Provided material:
BEGIN
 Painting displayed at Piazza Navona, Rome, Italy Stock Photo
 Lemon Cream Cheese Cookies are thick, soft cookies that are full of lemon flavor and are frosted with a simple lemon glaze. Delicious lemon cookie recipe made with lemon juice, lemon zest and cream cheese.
END
BEGIN
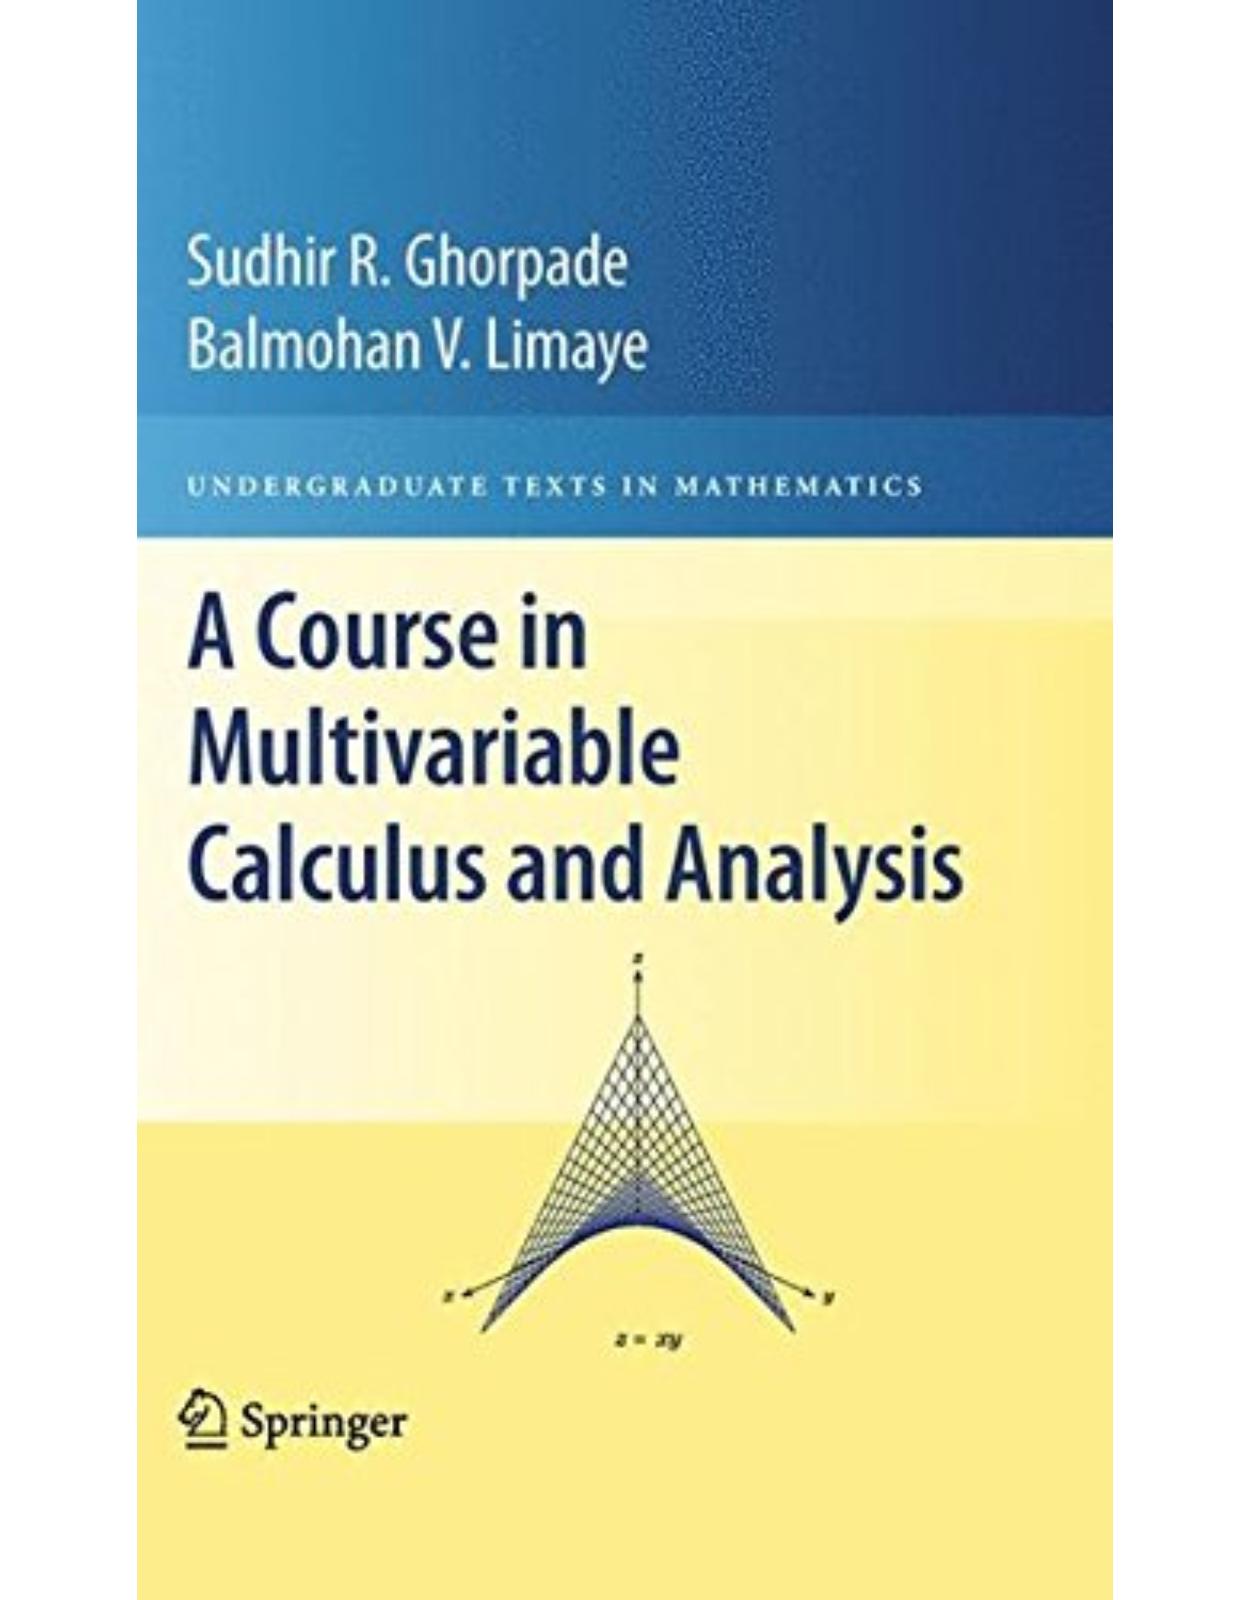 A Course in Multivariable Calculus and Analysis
END
Task details:
Give back the records above exactly, limited to the lines between the one holding "Painting displayed at" and the one holding "Lemon Cream Cheese", inclusive.

Response to the exercise:
 Painting displayed at Piazza Navona, Rome, Italy Stock Photo
 Lemon Cream Cheese Cookies are thick, soft cookies that are full of lemon flavor and are frosted with a simple lemon glaze. Delicious lemon cookie recipe made with lemon juice, lemon zest and cream cheese.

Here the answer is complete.